→ **TASK OBJECTIVE**
All of the data should be restated word for word, with the pictures omitted.

→ **PROVIDED MATERIAL**

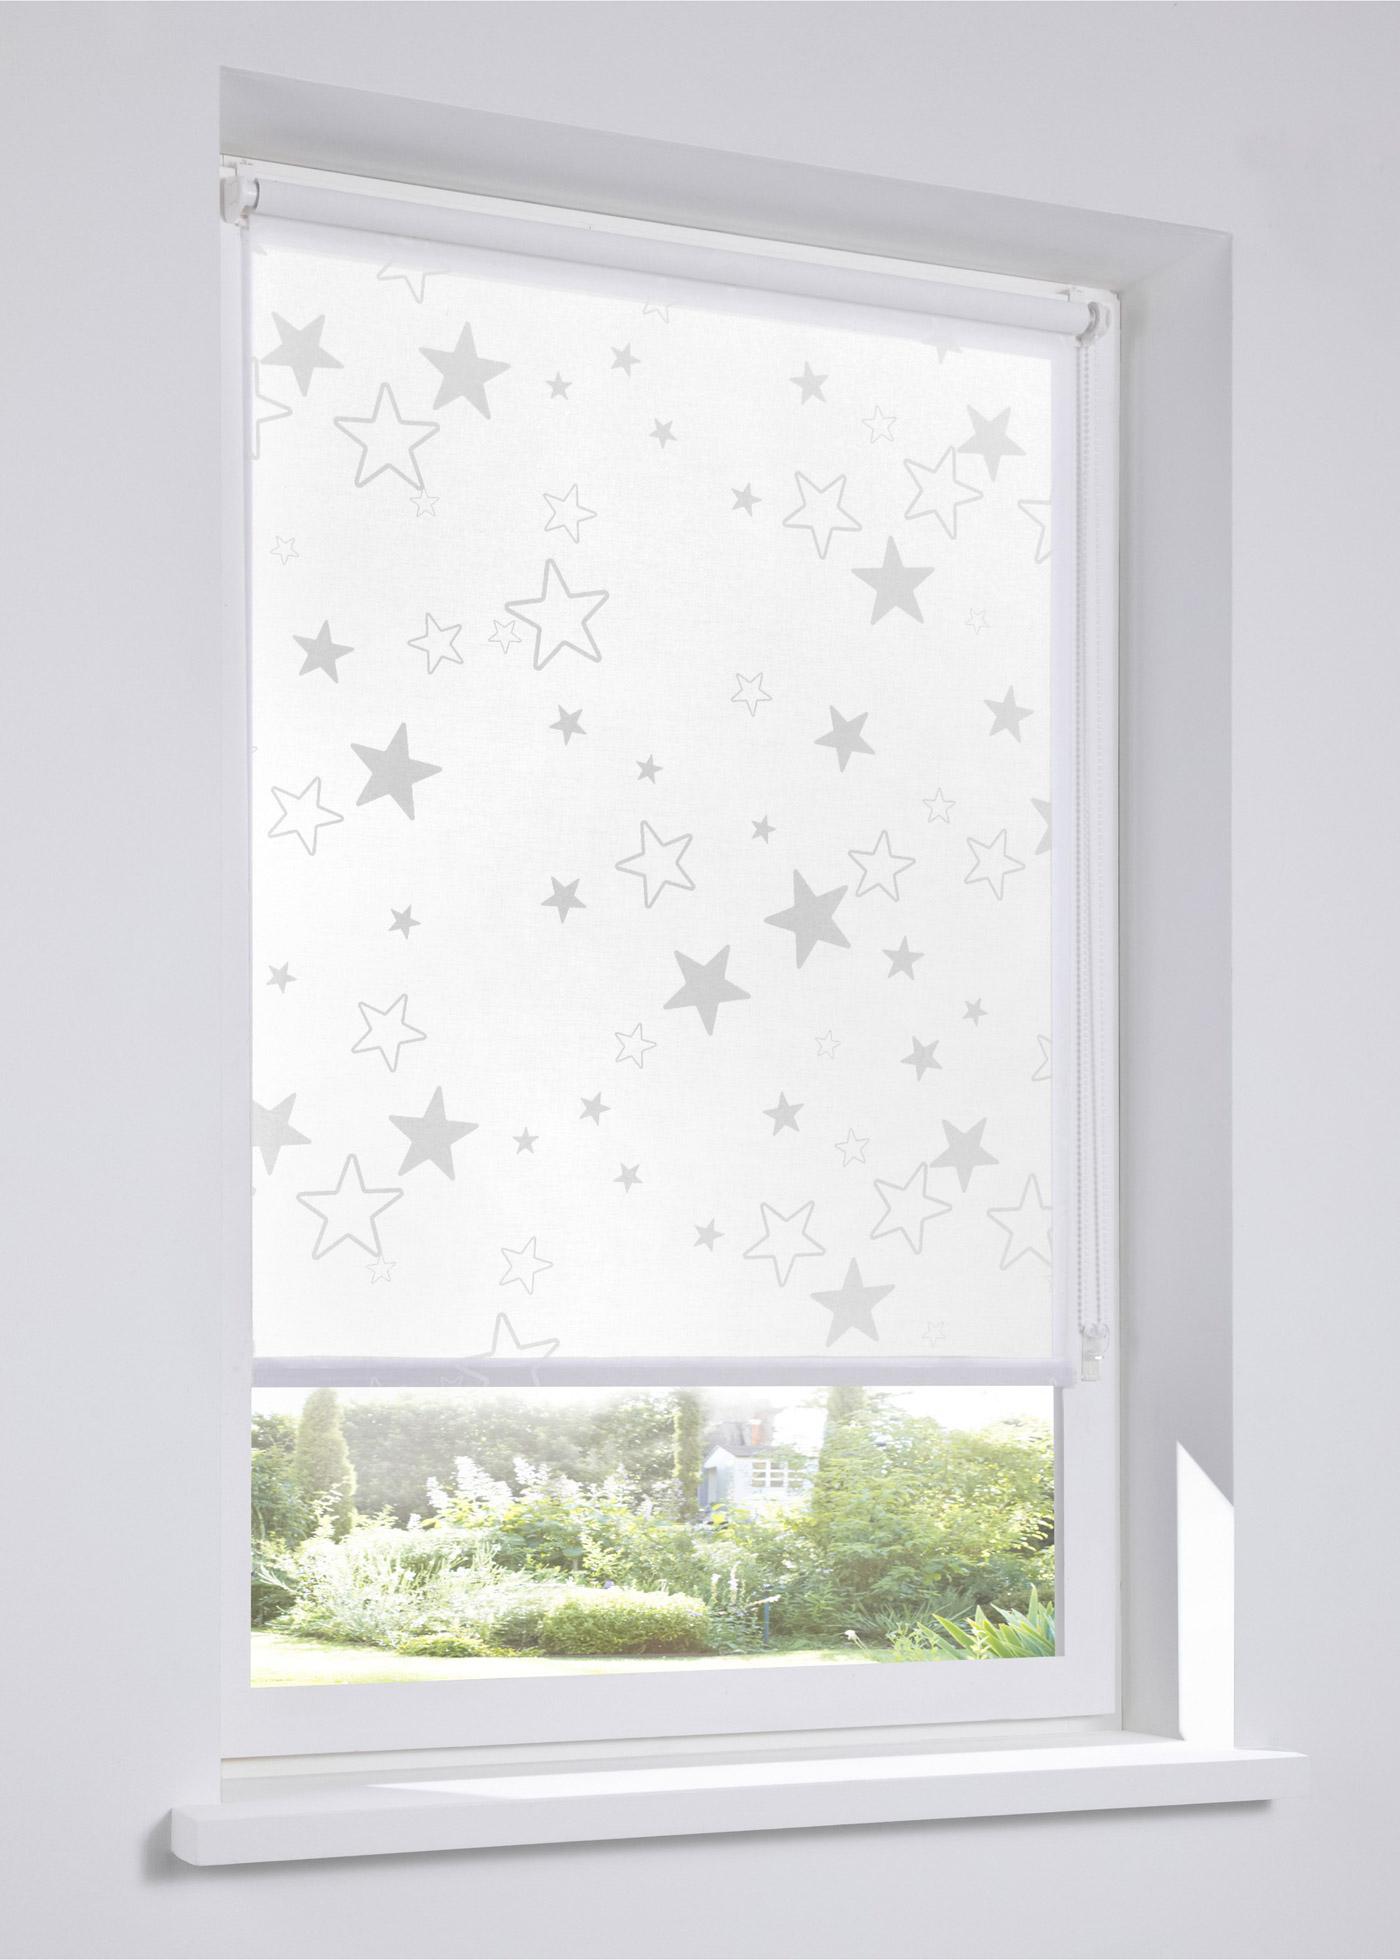 Sichtschutzrollo mit Sternen in weiß von bonprix
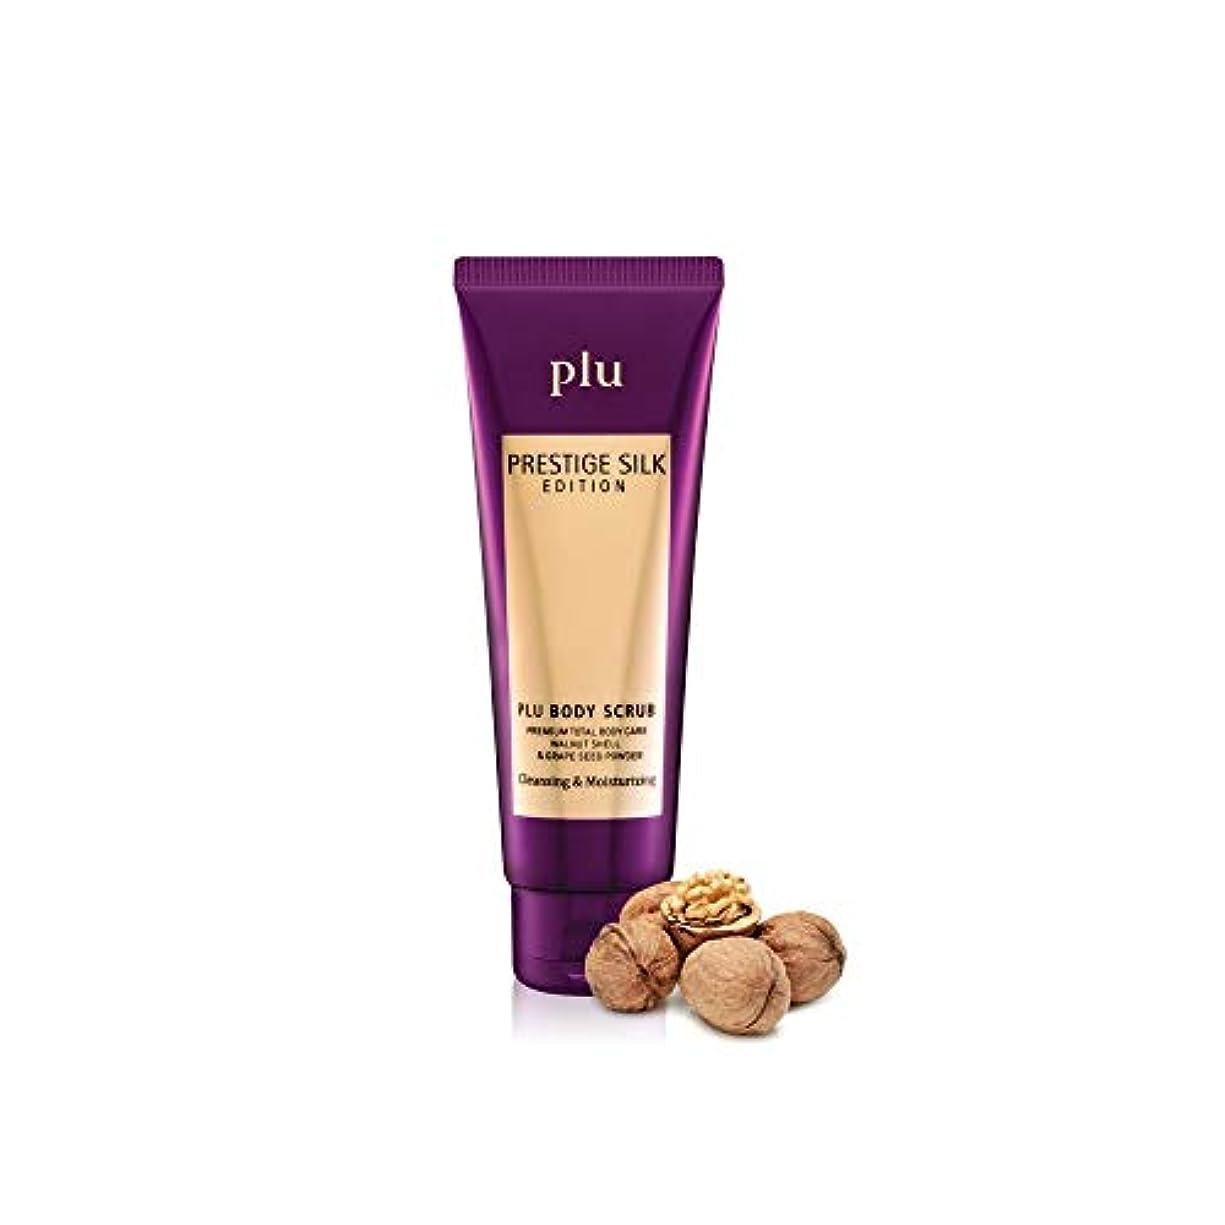 驚かすオフセット暖かさ[ギフト付き] Plu プル プレステージ セラピー エディション ボディスクラブ 50g/180g / Plu Prestige Therapy Edition Body Scrub 50g /180 (180g)
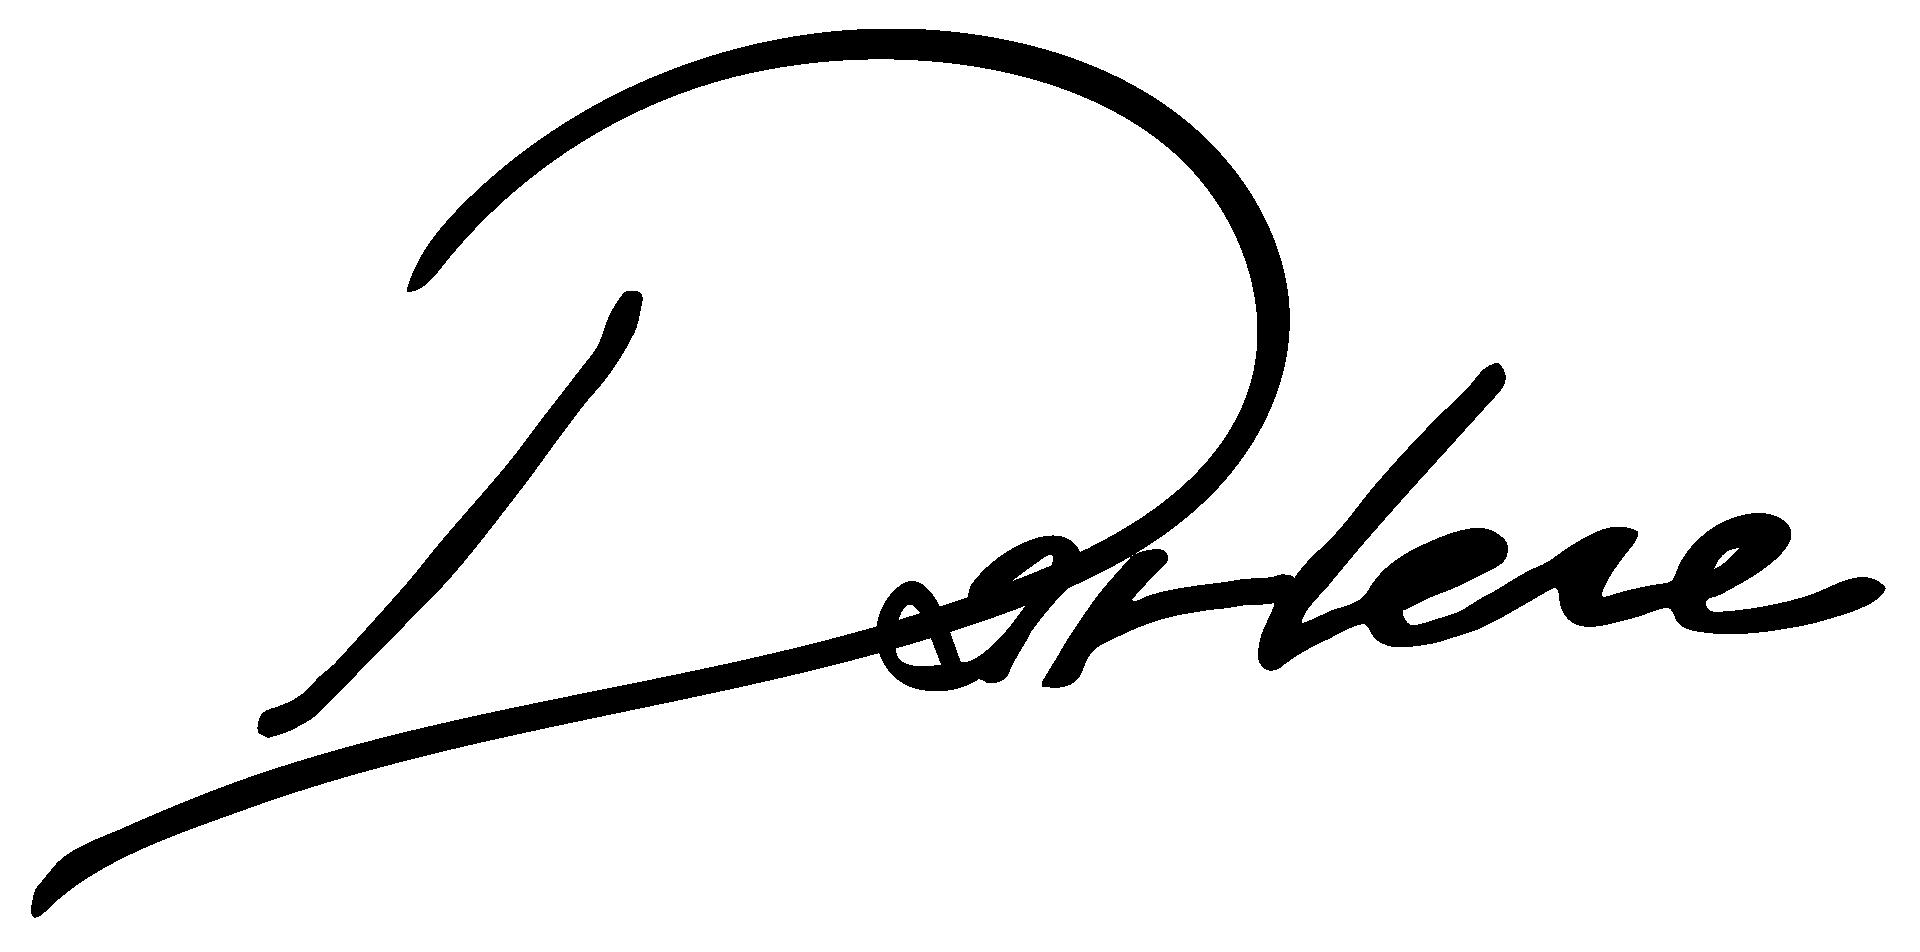 Darlene Zschech_Logo Final 2019_black.png

→ **YOUR SOLUTION**
 Sichtschutzrollo mit Sternen in weiß von bonprix
 驚かすオフセット暖かさ[ギフト付き] Plu プル プレステージ セラピー エディション ボディスクラブ 50g/180g / Plu Prestige Therapy Edition Body Scrub 50g /180 (180g)
 Darlene Zschech_Logo Final 2019_black.png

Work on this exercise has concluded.